Return gradient of other tensor in autograd.Function.backward (to approximate gradient with bilinar interpolation)

I am having a function nondifferentiable_but_exact which returns the exact value for the given argument, but is not differentiable. However, I know an approximation for this function, which is not exact but is differentiable and can easily be expressed as a PyTorch expression. Now, instead of manually determining the gradient - which I will do wrong for sure - I would like to simply take the gradient of the differentiable expression and return it for the non differentiable one. I have played around with the following test code for doing this:

import torch


class Test(torch.autograd.Function):

    @staticmethod
    def forward(ctx, a, b):
        ctx.save_for_backward(a, b)
        return a

    @staticmethod
    def backward(ctx, grad_output):
        a, b = ctx.saved_tensors
        # TODO This does not work. The idea is to get the gradient of b and return it for a.
        grad_a = b.grad
        assert grad_a is not None
        return grad_a, None

a = torch.ones(1, requires_grad=True)
a = nondifferentiable_but_exact(a)
b = differentiable_but_approximate_function(a)

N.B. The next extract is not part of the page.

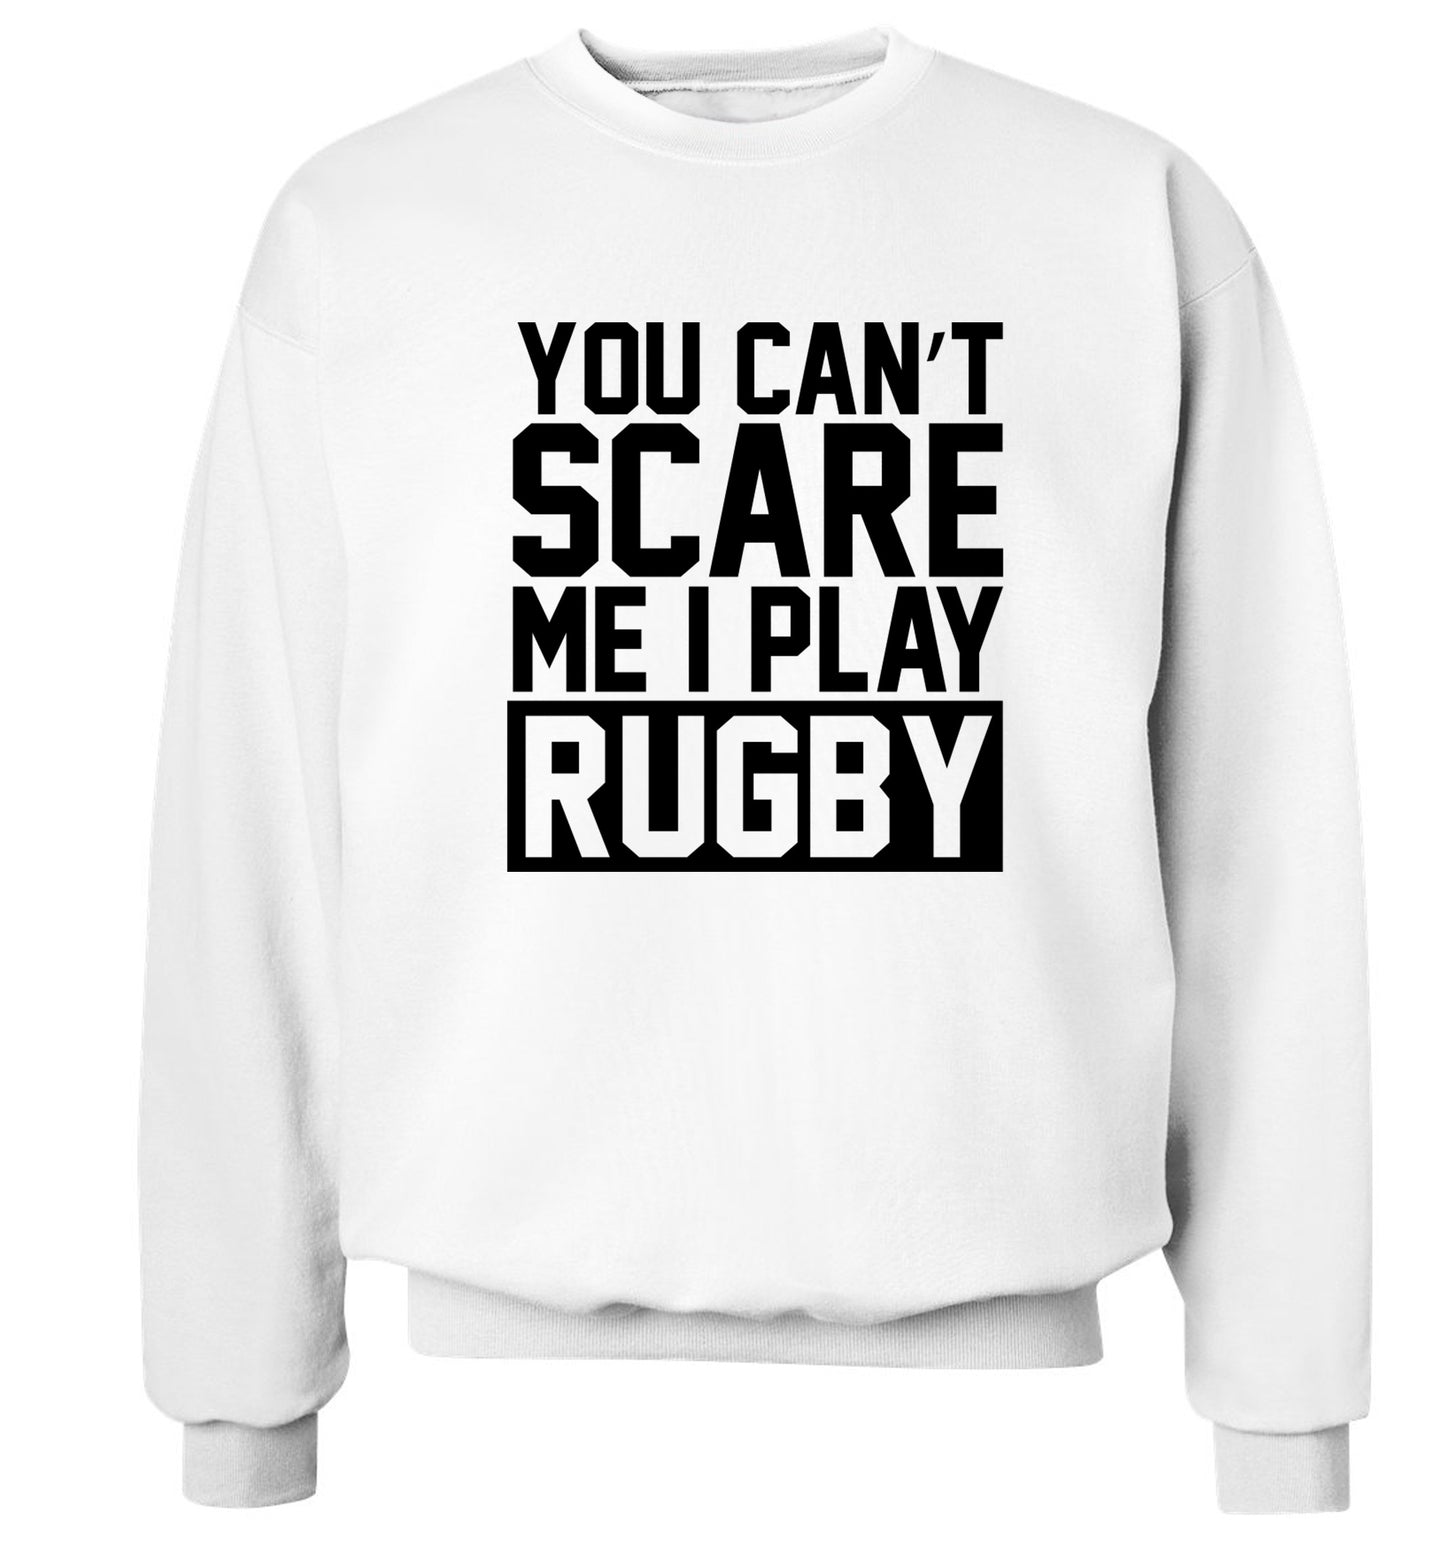 You can't scare me I play rugby Adult's unisex white Sweater 2XL

Test.apply(a, b).backward()

Unfortunately, I am unable to get the gradient of b inside the backward function. I have also tried to call backward(retain_graph=True) in there, but this does not seem to work.

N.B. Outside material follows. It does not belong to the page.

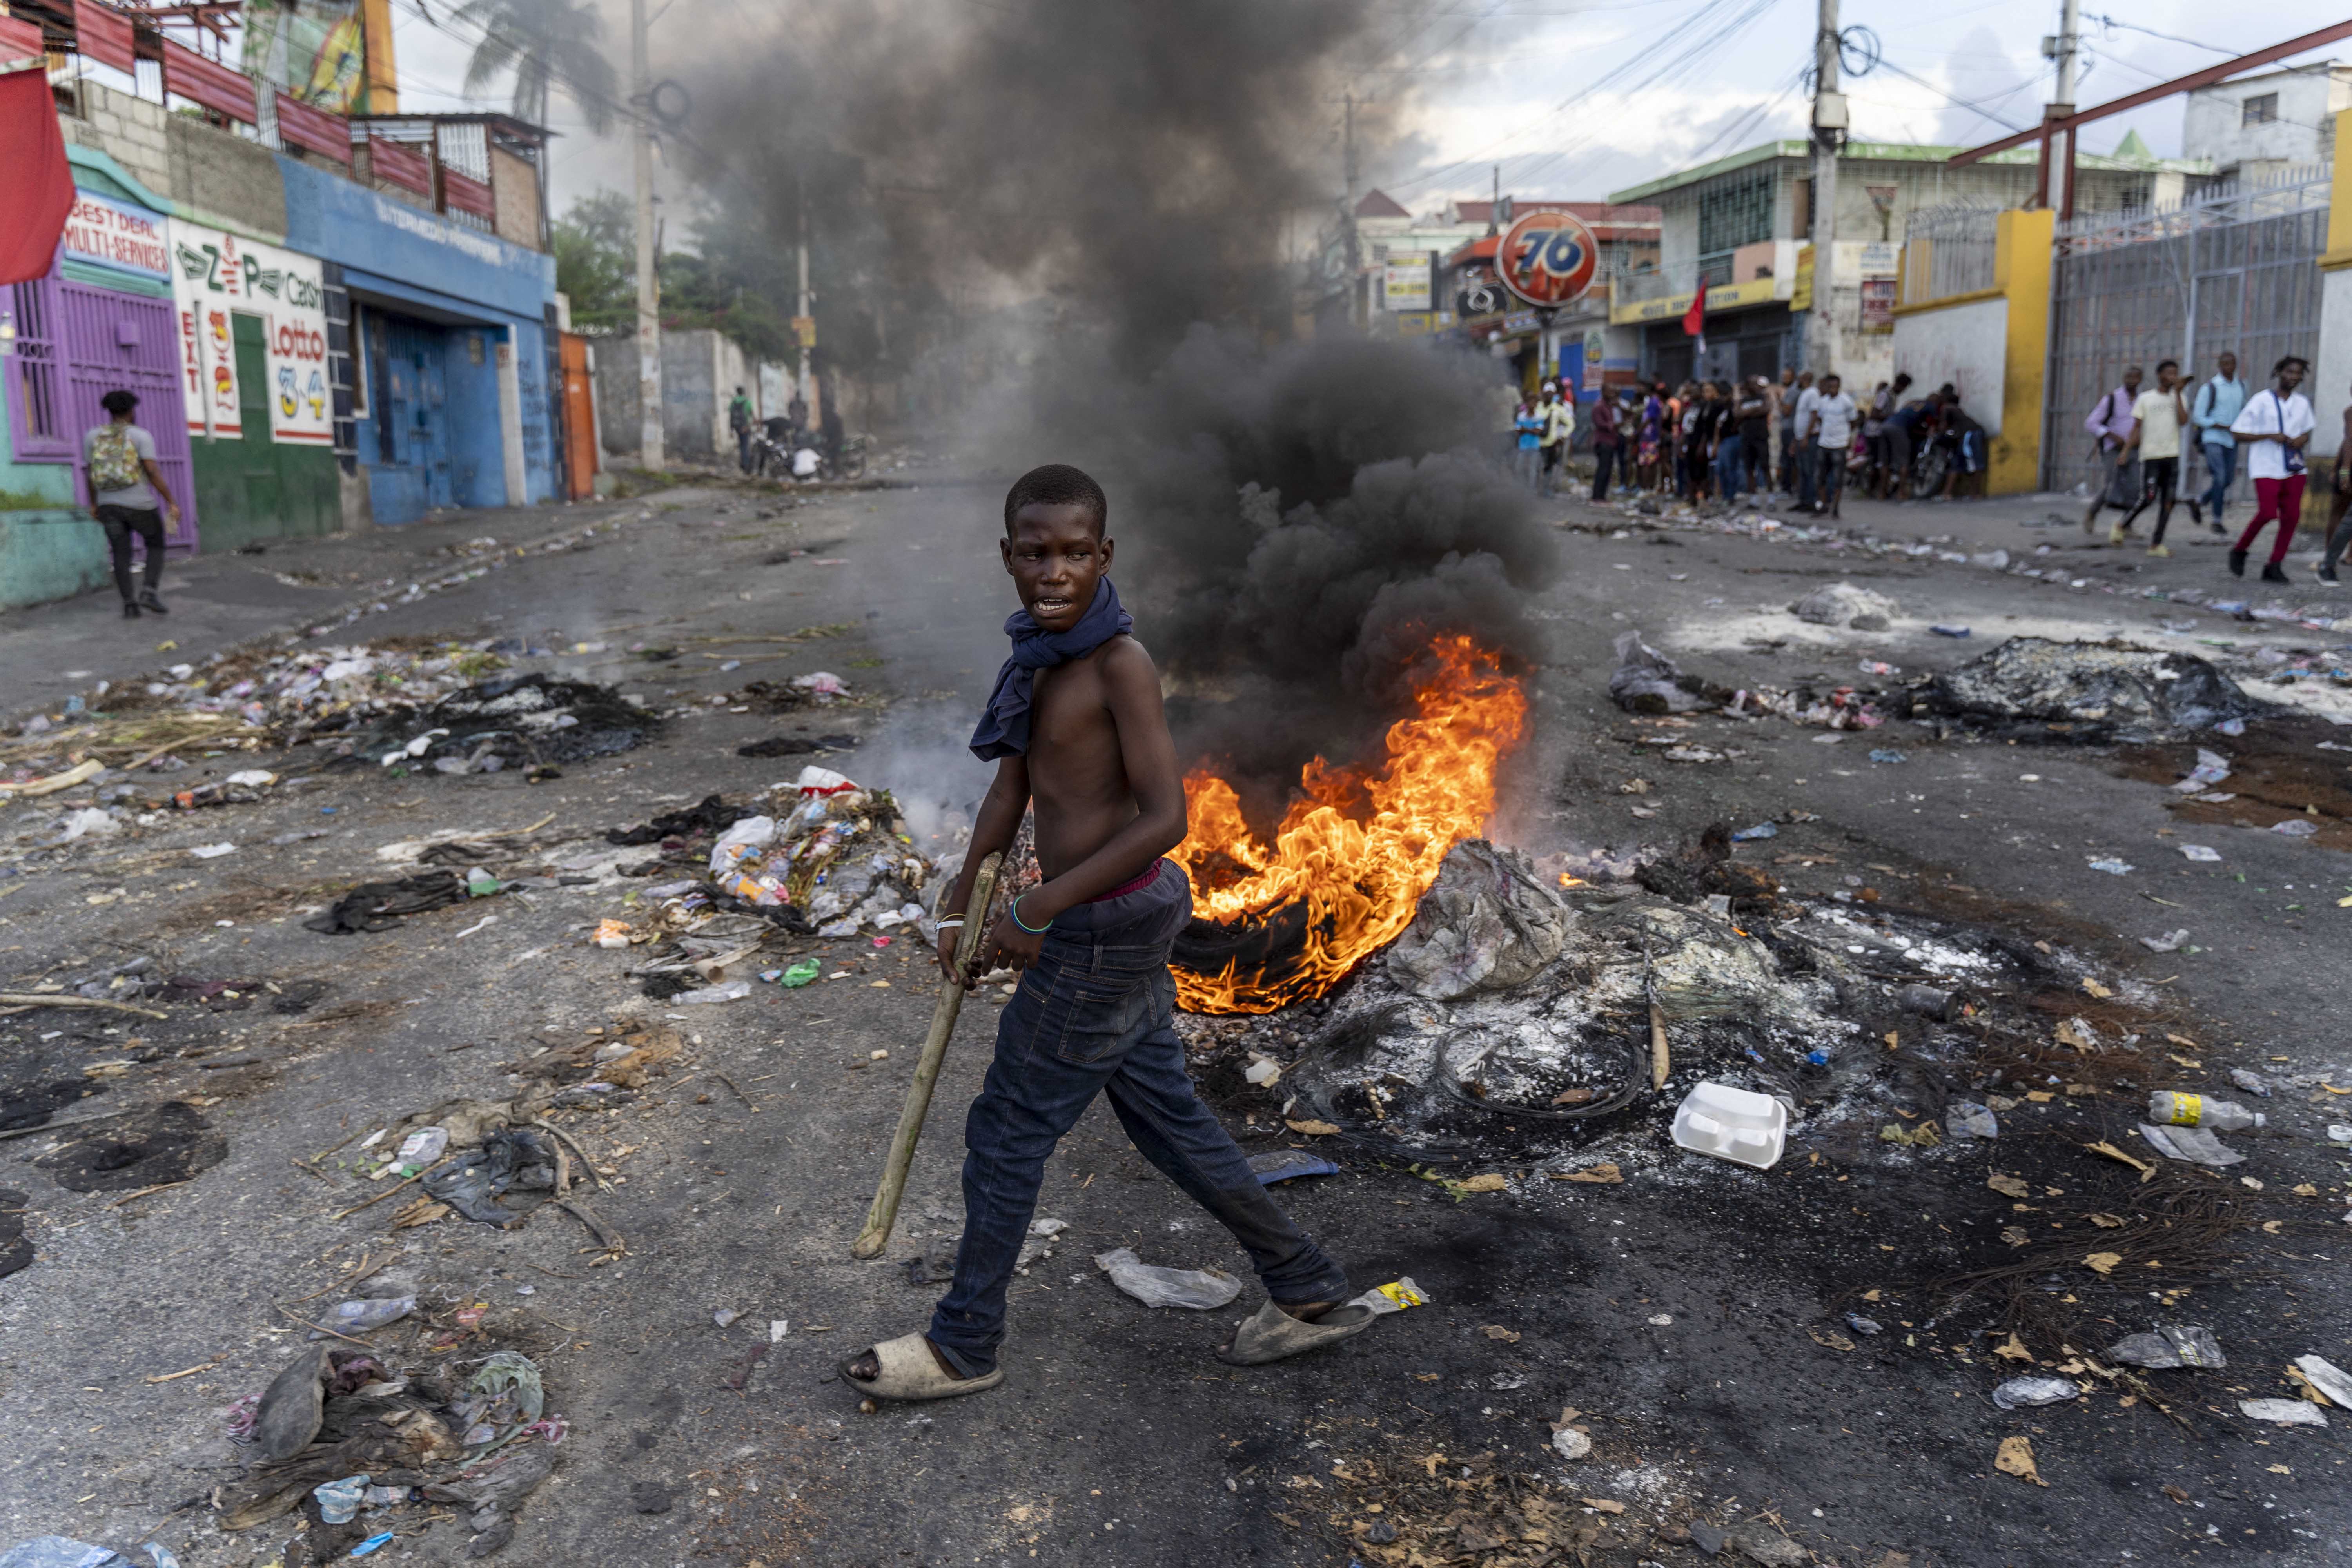 Violence in Port-au-Prince has reached unprecedented levels

Is there a solution to this problem?

Some more background: I want to approximate the gradient for nondifferentiable_but_exact with a bilinear interpolation. So I will simply call nondifferentiable_but_exact 5 times. 1 for the exact value and 4 times to get some other points for the interpolation. The interpolated value I will discard and only use the gradient. Also, for my use case it is important that I use the exact value of the function. Therefore, I cannot simply use the interpolated value (and be done).

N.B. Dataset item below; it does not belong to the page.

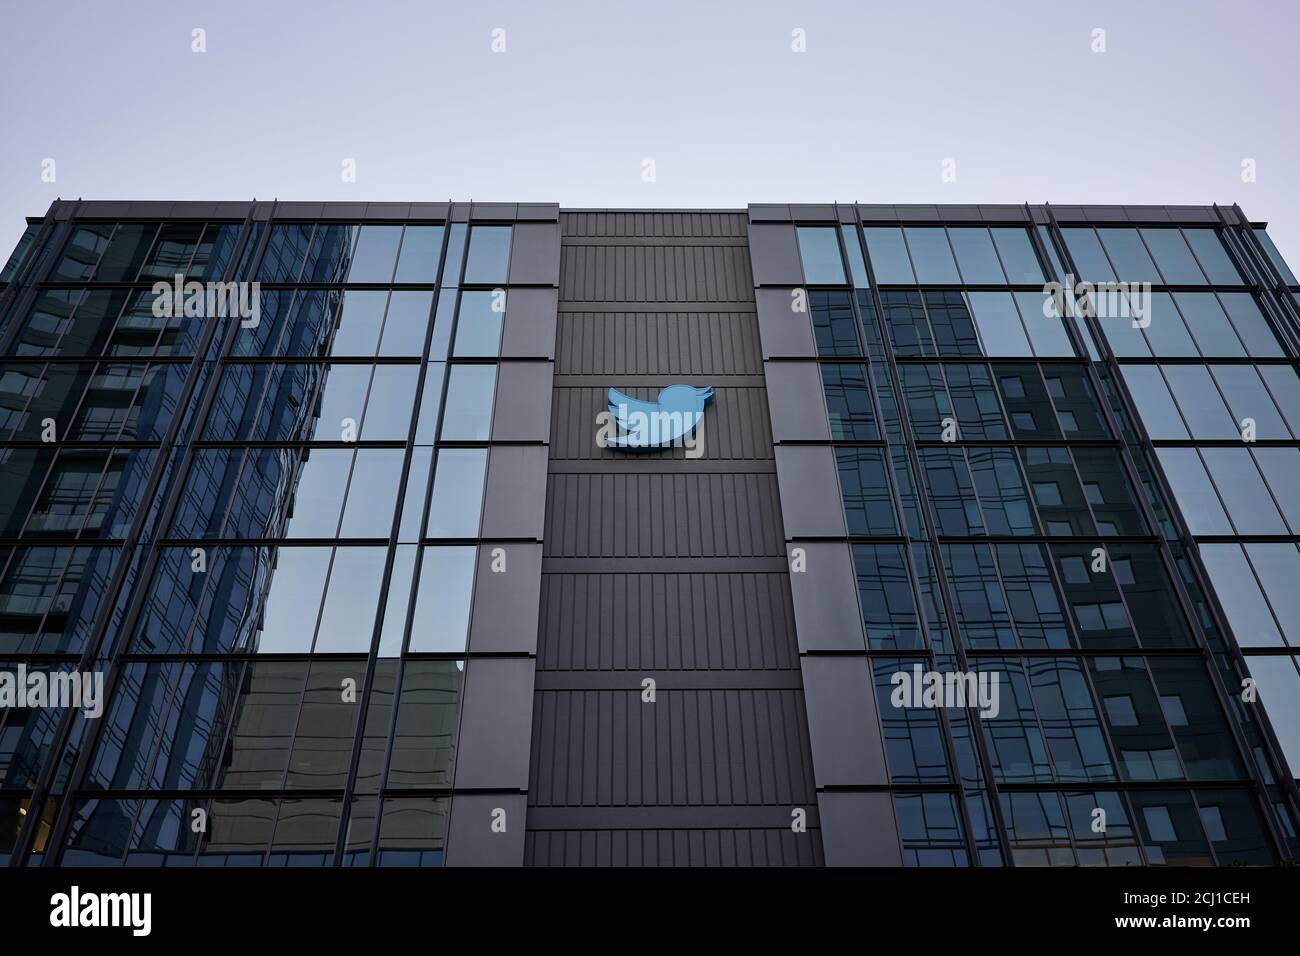 The Twitter logo is seen at the American social networking service company Twitter's Headquarters in San Francisco, California, in the evening. Stock Photo

The way I would do this is the following (assuming there are NO learnable parameters in nondifferentiable_but_exact and differentiable_but_approximate_function and that you don’t need higher order gradients by using create_graph=True):

import torch


class Test(torch.autograd.Function):
    @staticmethod
    def forward(ctx, a, b):
        ctx.save_for_backward(a)
        exact_out = nondifferentiable_but_exact(a)
        return exact_out

    @staticmethod
    def backward(ctx, grad_output):
        a, = ctx.saved_tensors
        # Get new Tensor unrelated to a with same content
        local_a = a.detach().requires_grad_()
        with torch.enable_grad():
            approx_out = differentiable_but_approximate_function(a)
        grad = torch.autograd.grad(approx_out, local_a, grad_output)[0]
        return grad

a = torch.ones(1, requires_grad=True)

Test.apply(a).backward()

Thanks a lot for your help! torch.autograd.grad was the missing piece :slight_smile: